Es klappt einfach nicht.

uhai

----------

## franzf

 *uhai wrote:*   

> Ich starte kmail in xfce aus der Konsole nach export $kdehome=/$HOME/.kde3.5

 

Nur zur vollständigen Klärung:

Dir ist bekannt, dass ~/.kde ein symlink ist auf ~/.kde3.5?

Wenn bei dir ~/.kde existiert hat und ein Symlink war (per default, hattest glaub ich vorher ein kde als DE, oder?) und du versuchst, die KDE-Einstellungen zu verschieben mit mv .kde .kde_bkp verschiebt das nur den Symlink, die Einstellungen liiegen immer noch unangetastet in .kde3.5. Beim neueinloggen wird der Symlink wieder erstellt - und alles ist beim Alten...

Also verschieb auch mal den .kde3.5-Ordner und kopier (nach Starten von kde/kmail) die mailrc und den MAIL-Ordner wieder zurück.

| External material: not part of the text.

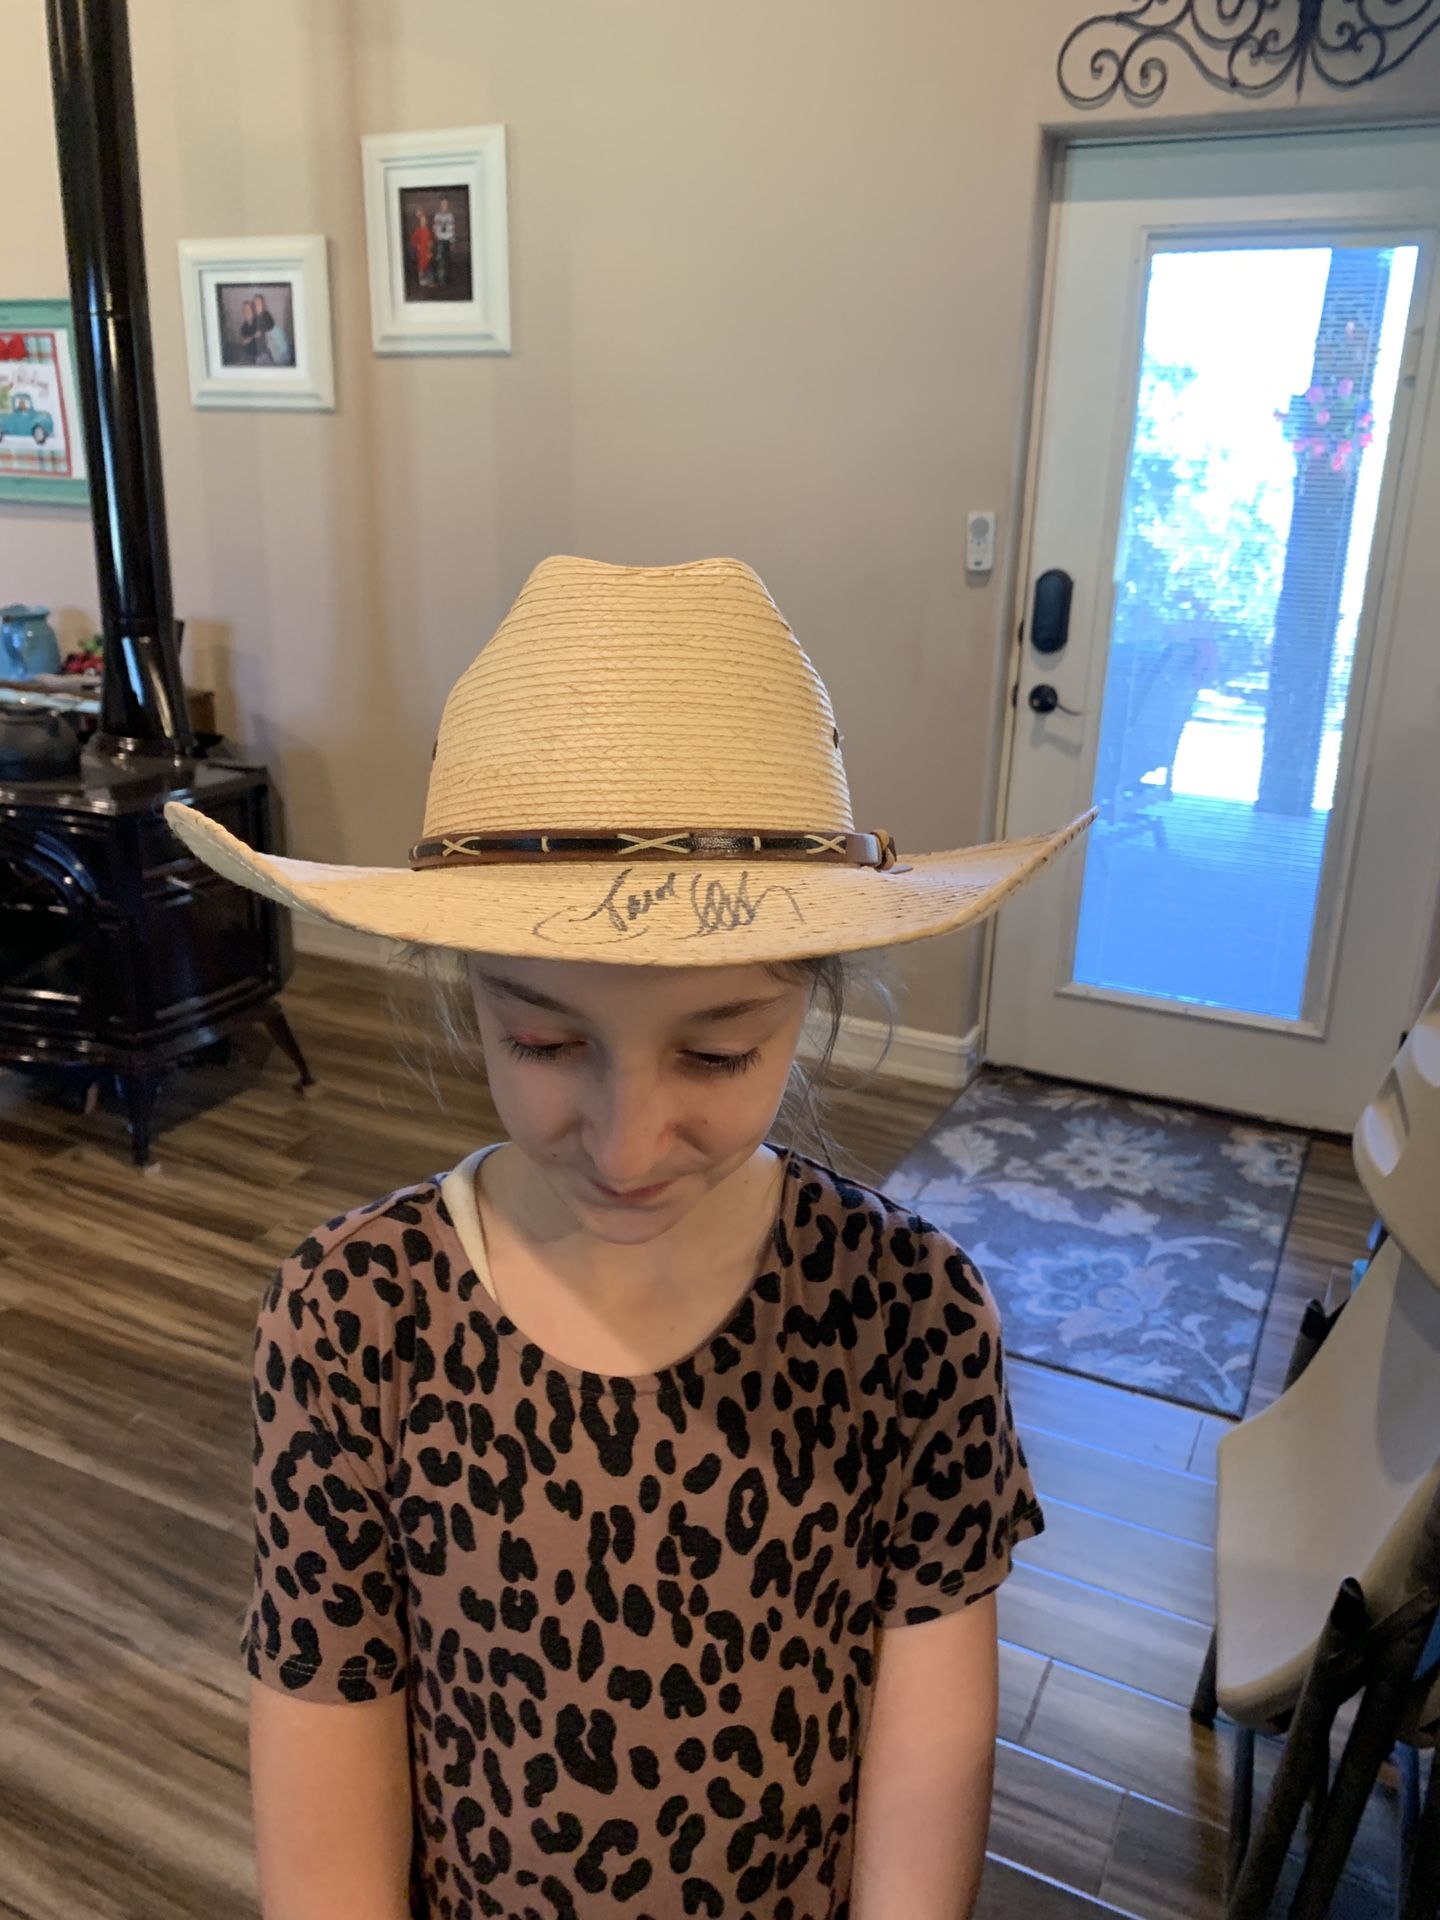 Jason Aldean Autographed Straw Hat

Falls alles nicht klappen sollte, kannst du immer noch deine Mails importieren.  Das geht ganz leicht und schnell übers KMail-Menü. Musst nur wissen wo deine alten (gesicherten) Mails liegen  :Wink: 

Grüße

Franz

----------

## uhai

Da isses wieder, mein Problem...

kde verweigert den Start, deshalb habe ich versucht, die Konfiguration neu anlegen zu lassen durch umbennenen von .kde. -> hat nicht geklappt  :Sad: 

Und deshalb habe ich jetzt xfce am laufen....

uhai

----------